A Proposed Grand Bargain for Fixing Breezewood

Today the NYT published a deep-dive I wrote about why Breezewood – a notorious gap in the interstate highway system at the intersection of the Pennsylvania Turnpike and Interstate 70 that is familiar to the millions of people who drive between the Mid-Atlantic and the Midwest each year – exists and has never been fixed.

Here’s a couple tangents that didn’t make it into the story. The first is some back-of-envelope guesstimates I came up with about the societal and environmental costs of the status quo arrangement, and the second is a potential grand bargain to fix it.

COSTS

First, while developing the piece, I did some thinking about the social and environmental costs of continuing to make the cars and trucks that pass through Breezewood without stopping drive the extra two miles – that is, what benefits would accrue if cloverleaf ramps were built where I-70 passes over the Turnpike entrance/exit ramp, permitting only those people who wanted a pit stop in Breezewood to go there.

To do that I used the same methodology the American Transportation Research Institute used to come up with its estimate that 1.5 million trucks pass through there each year, and came up with an estimate that 3.5 million passenger cars do, too. That made it into the piece.

Here’s some guesstimate work that didn’t: Because we know from GPS data that of the 1.5 million trucks making that connection, about 80 percent do not stop, I assumed that roughly the same ratio was true of the roughly 3.5 million passenger cars that pass through each year. I further assumed that each truck had one human being in it and each car had an average of two. Then, using average fuel efficiency rates, I.R.S. reimbursement rates, and the like, I came up with guesstimates for the cost of making those four million vehicles whose drivers don’t choose to stop pass through Breezewood. The results: if a bypass were built permitting them to make a direct connection, each year it would save about $10 million in vehicle operating costs, avoid unnecessary burning of fuel that spews about 6,000 tons of carbon dioxide into the atmosphere, and save collective time roughly equivalent to an average human lifespan.

GRAND BARGAIN?

But, of course, as the piece lays out, if there were a bypass, some of those million or so drivers who do currently stop and spend money in Breezewood each year (since they are off the interstate already anyway) would inevitably choose some other exit to make a pit stop, damaging the Breezewood economy. That’s why business owners and local politicians have fought so hard over the years to prevent the construction of such a bypass. So the question arises: is there some deal that could be made that would clear the way for a bypass while mitigating the losses to Breezewood?

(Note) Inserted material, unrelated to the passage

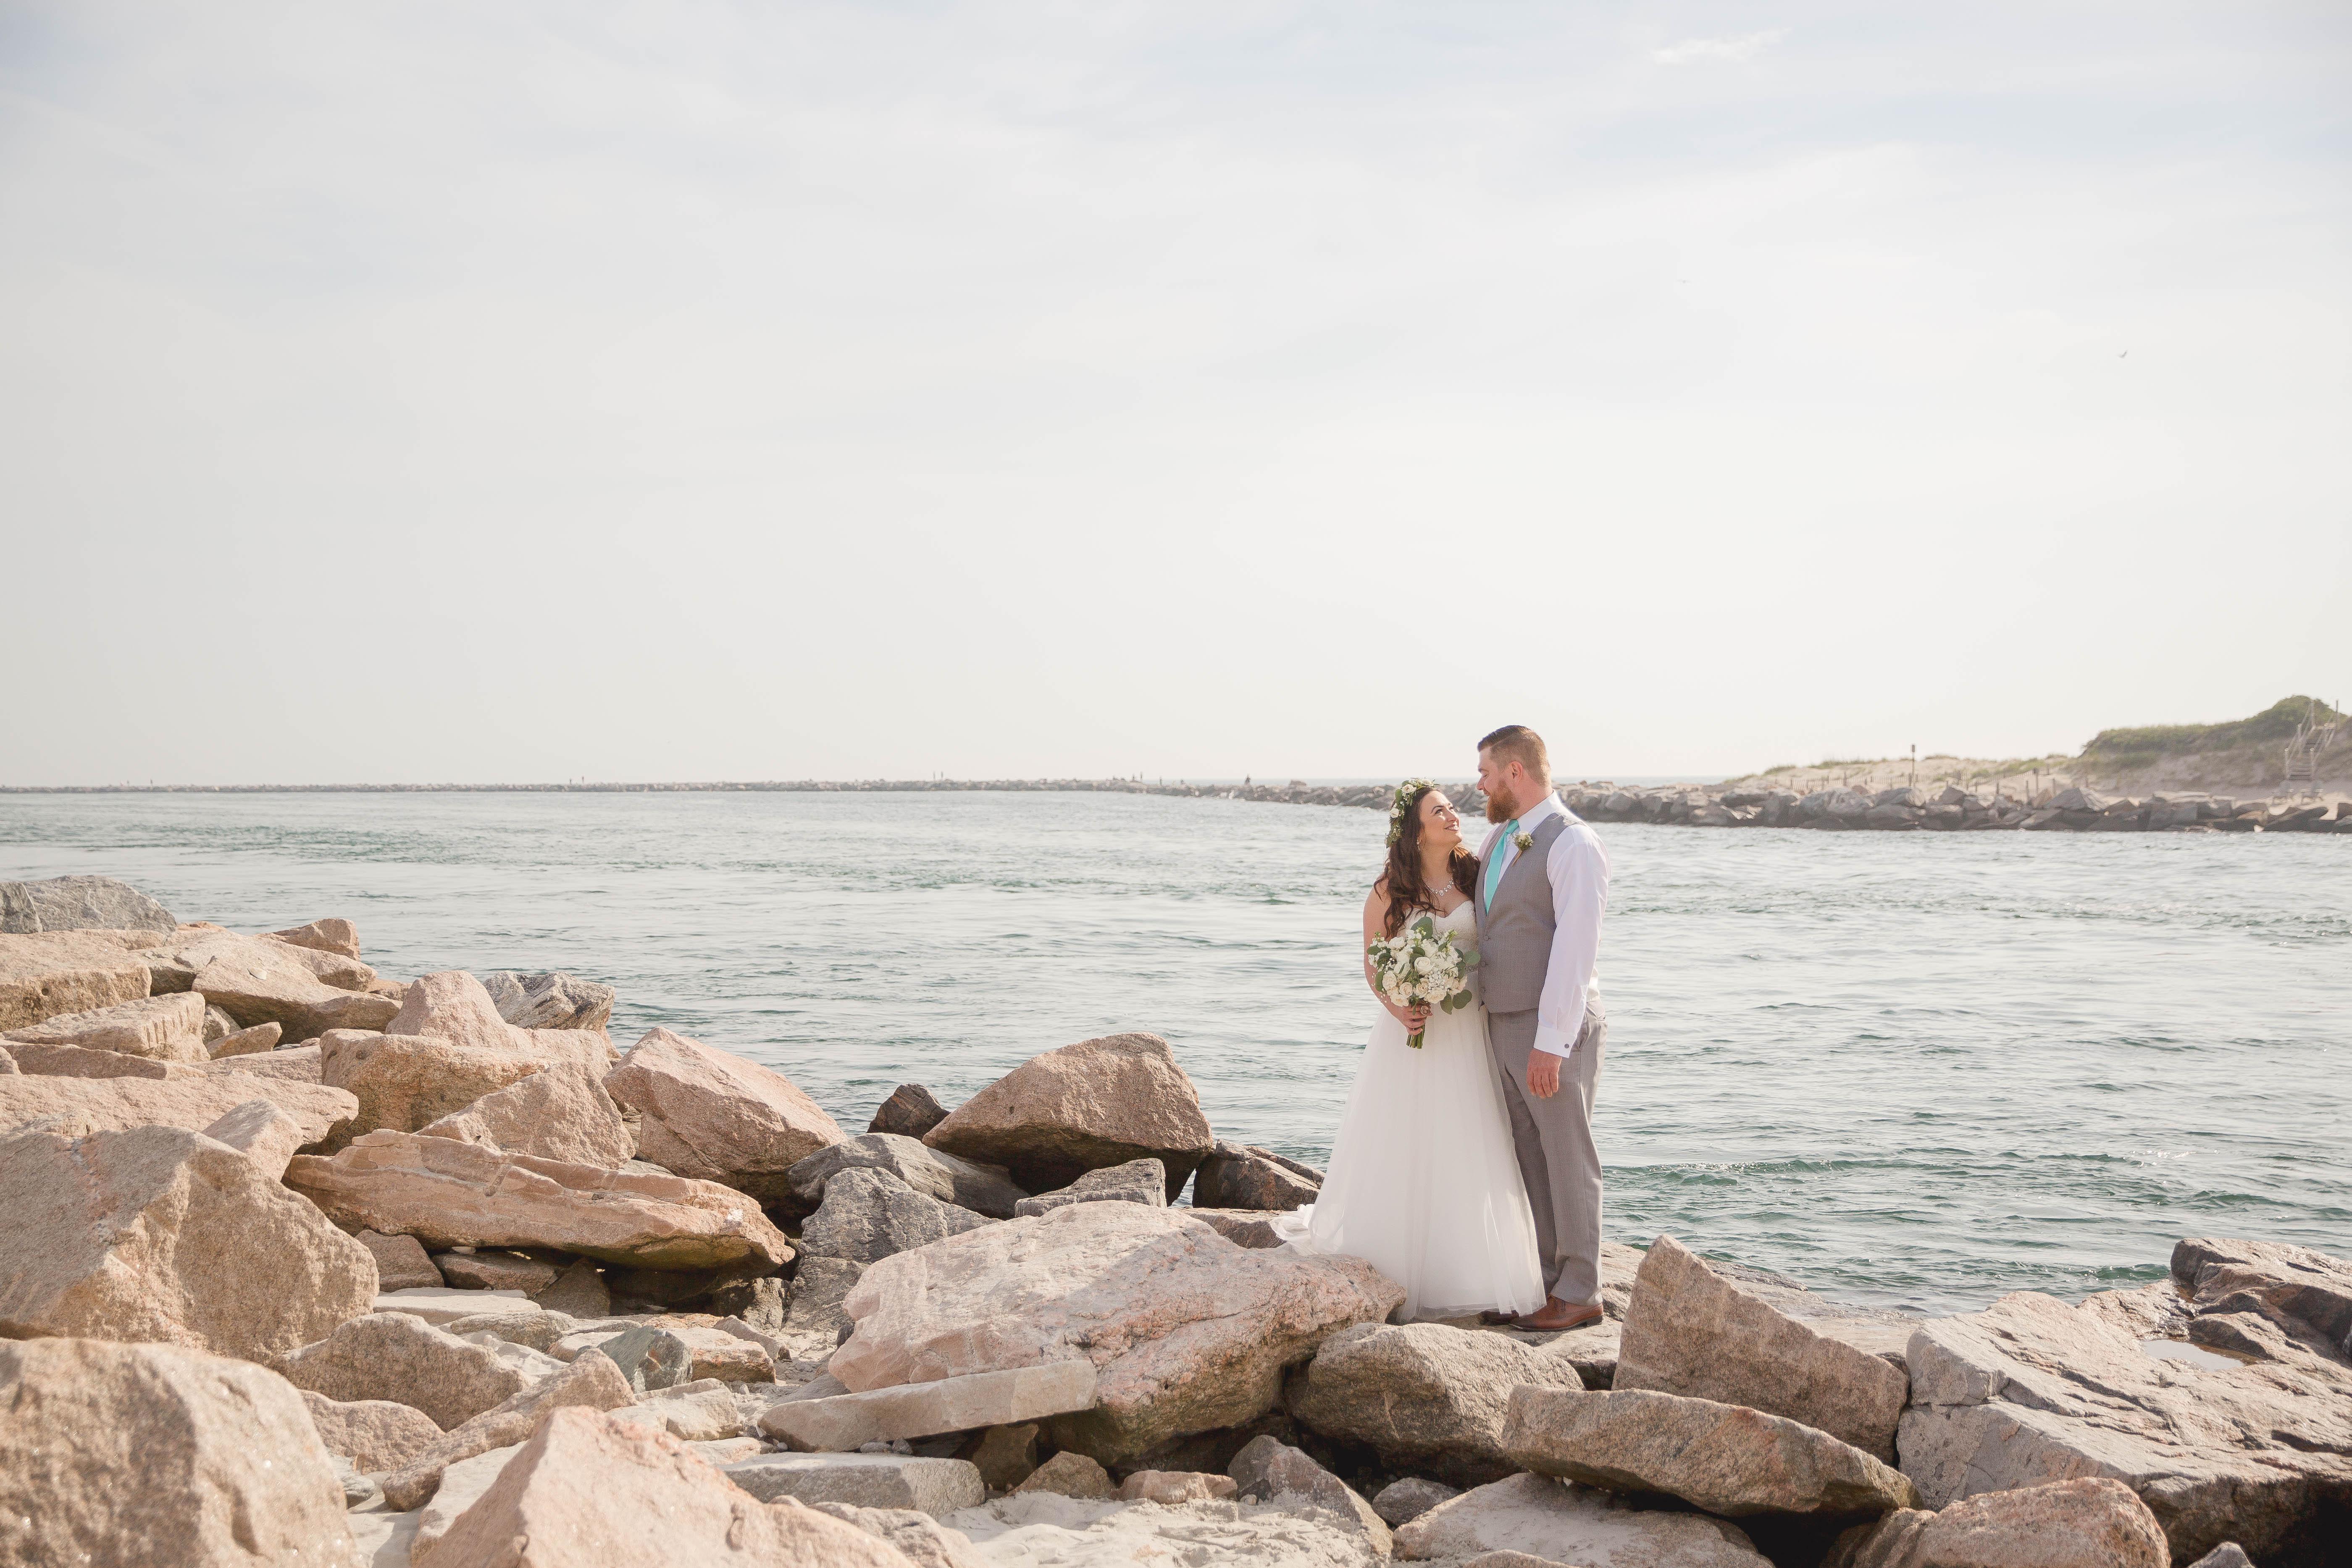 wedding, Rhode Island, beach, photography, couple, love, wedding photography, narragansett, Point judith,

One thing that came to my attention while researching the place is that there is a lengthy stretch of abandoned turnpike close to Breezewood. It looks post-apocalyptic — portions of “The Road” were filmed on it — but bicycle enthusiasts have started flocking to it because it’s a cool stretch of paved road through the wilderness. Locals in the Breezewood area have proposed trying to fix it up, essentially turning Breezewood into a tourist destination rather than a passing-through spot. They need about $7 million to do things like put lights back in the tunnels of the abandoned turnpike so people could safely bike through them, Steve Howsare, the executive director of the Southern Alleghenies Planning and Development Commission told me. They would also need to redo the road markings by using line marking machines so the road can be used safely.

Several of the Breezewood business owners and development people I interviewed for the piece are big proponents of this plan; among them, Jim Bittner, whose family owns businesses there, has been pushing it as a way to bring in more people to stay in the hotels and eat in the restaurants even if there is a bypass. (Here’s a master plan from about a decade ago, and here is more recent formal study called “Pike to Bike,” which determined that it would result in $5.1 million to $8.8 million in economic impact and generated between 57 and 144 construction and ongoing support jobs.)

So my idea was, what if society (federal taxpayers) agreed to pay for the safety and access upgrades to make this idea into a reality, and in return business owners and Pennsylvania officials dropped resistance to a bypass?

The most obvious person to ask about that — someone with the role of speaking for everyone in that area — is the Republican Congressman who represents the district in which Breezewood is located, Rep. Bill Shuster. But his office ignored my repeated efforts to reach out for a conversation about Breezewood.